►
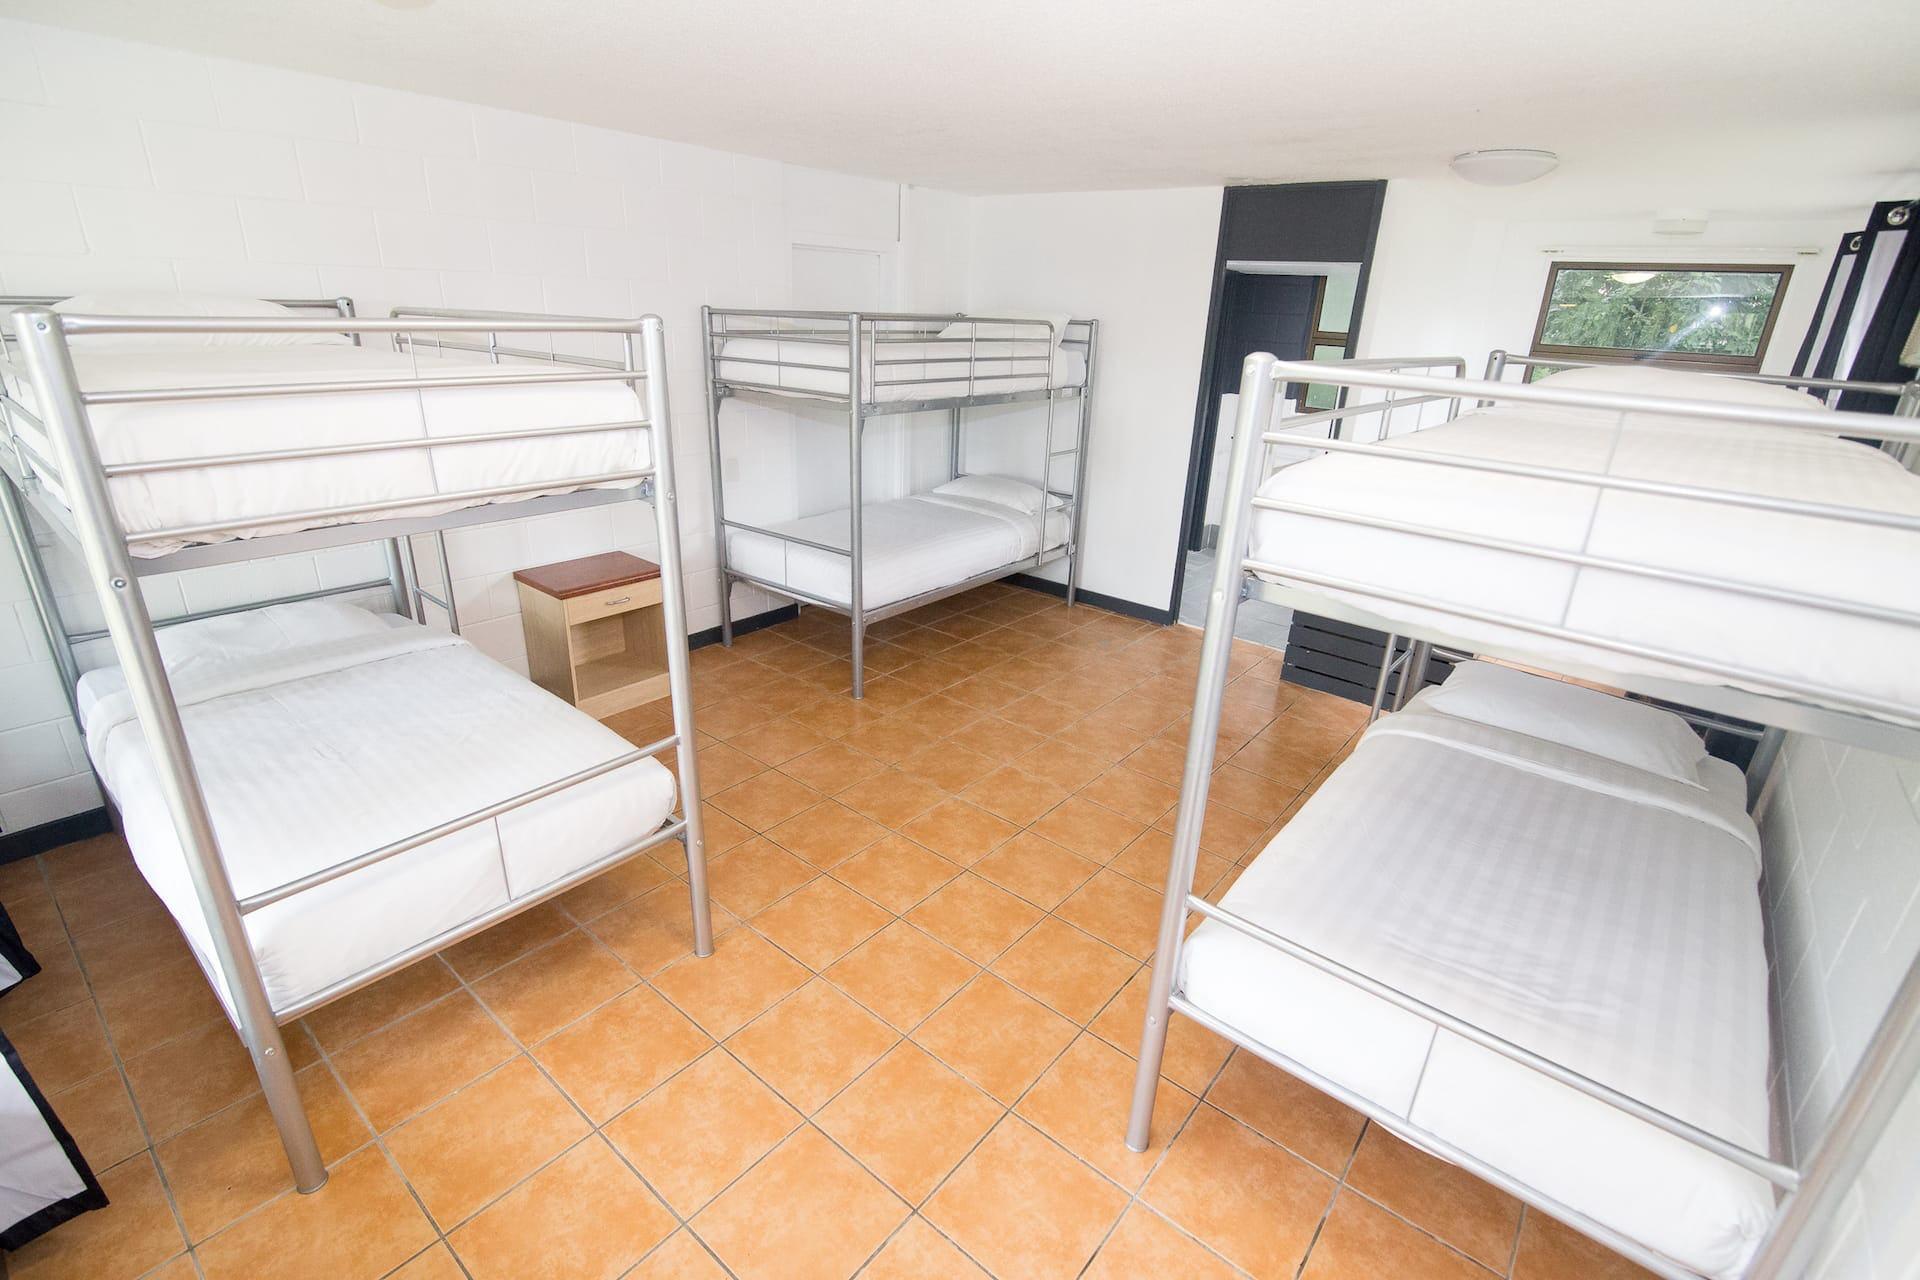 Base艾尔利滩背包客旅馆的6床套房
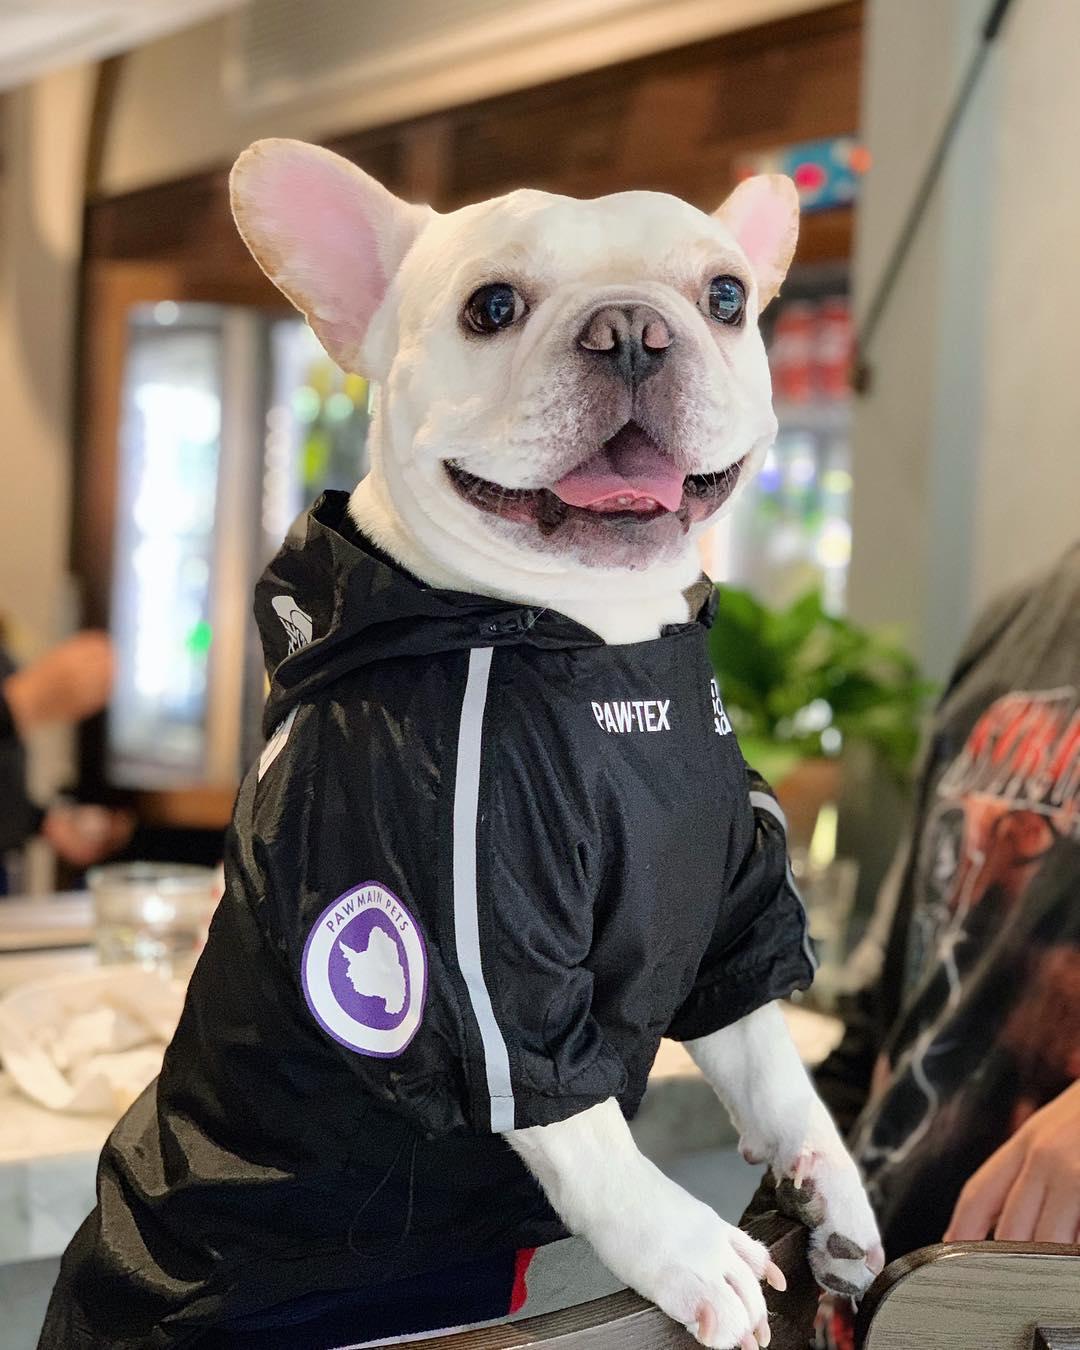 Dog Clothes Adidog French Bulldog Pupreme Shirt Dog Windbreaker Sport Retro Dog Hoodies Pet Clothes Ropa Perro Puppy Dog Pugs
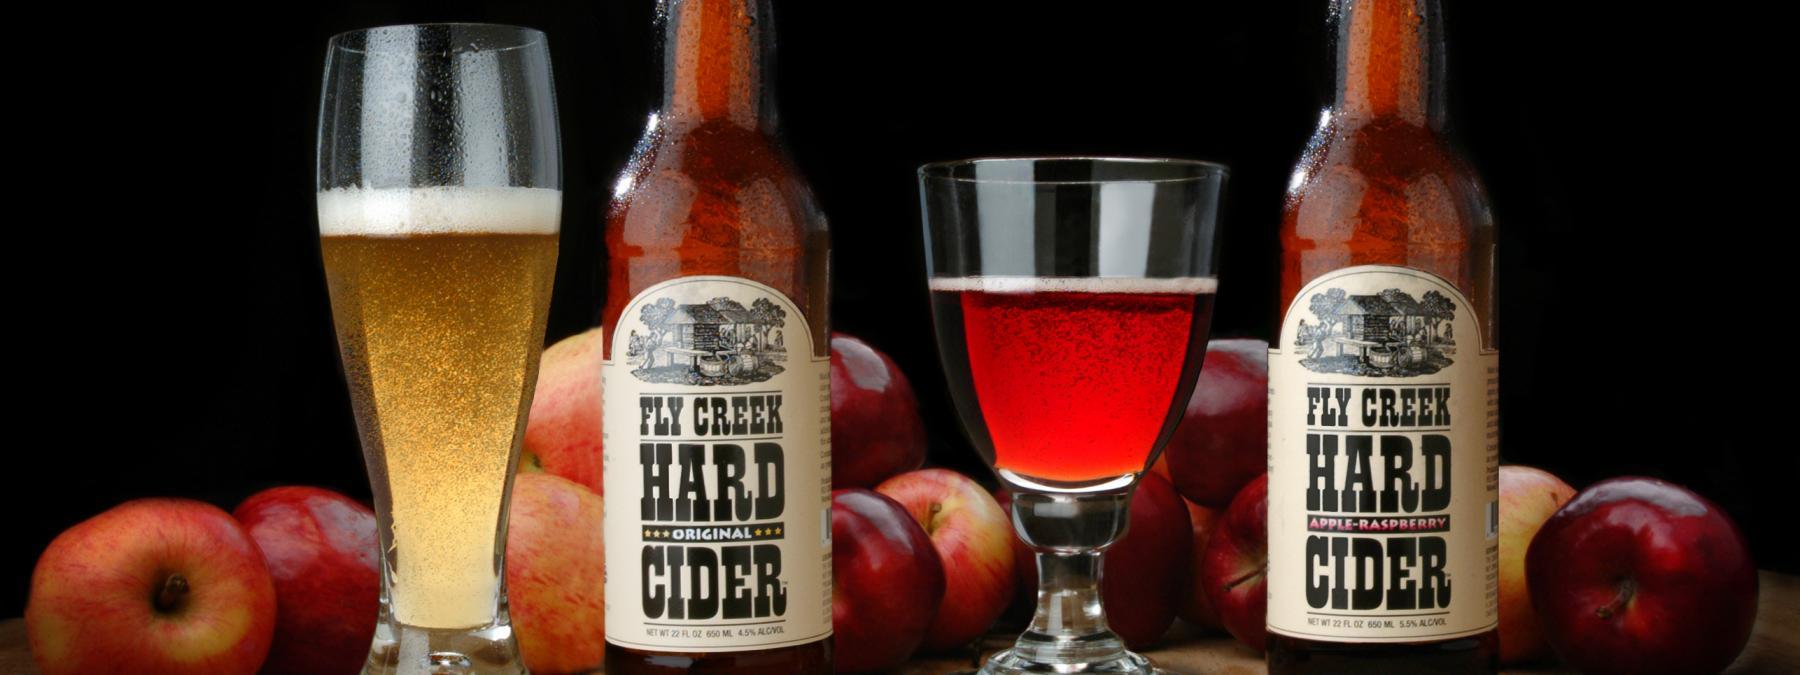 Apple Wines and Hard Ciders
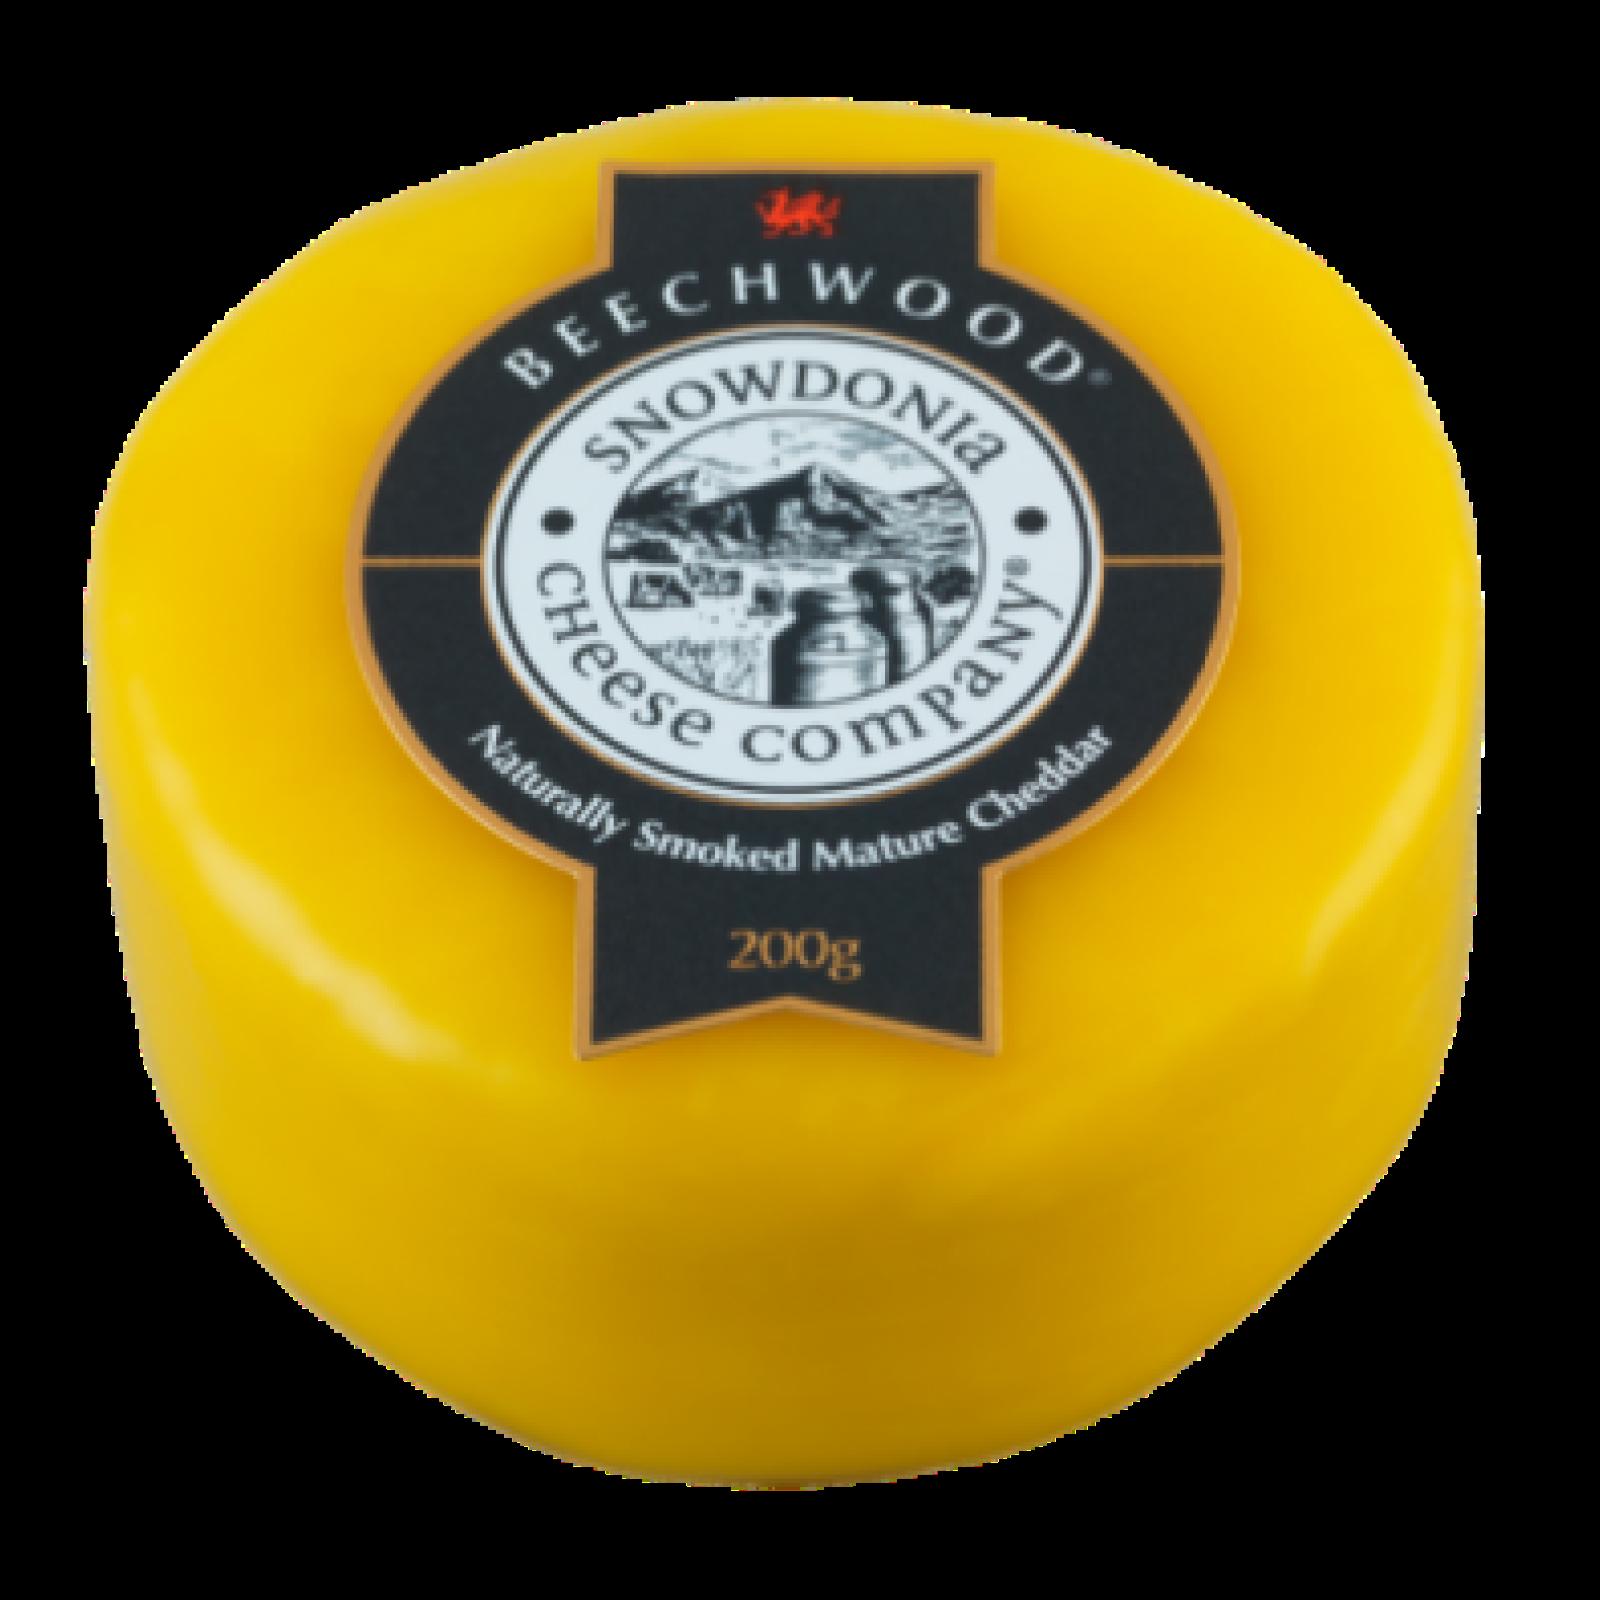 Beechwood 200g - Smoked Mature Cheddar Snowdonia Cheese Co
◄
• **ASSIGNED TASK**: The material above must be reproduced line for line, with the images omitted.

• **ANSWER BOX**:
 Base艾尔利滩背包客旅馆的6床套房
 Dog Clothes Adidog French Bulldog Pupreme Shirt Dog Windbreaker Sport Retro Dog Hoodies Pet Clothes Ropa Perro Puppy Dog Pugs
 Apple Wines and Hard Ciders
 Beechwood 200g - Smoked Mature Cheddar Snowdonia Cheese Co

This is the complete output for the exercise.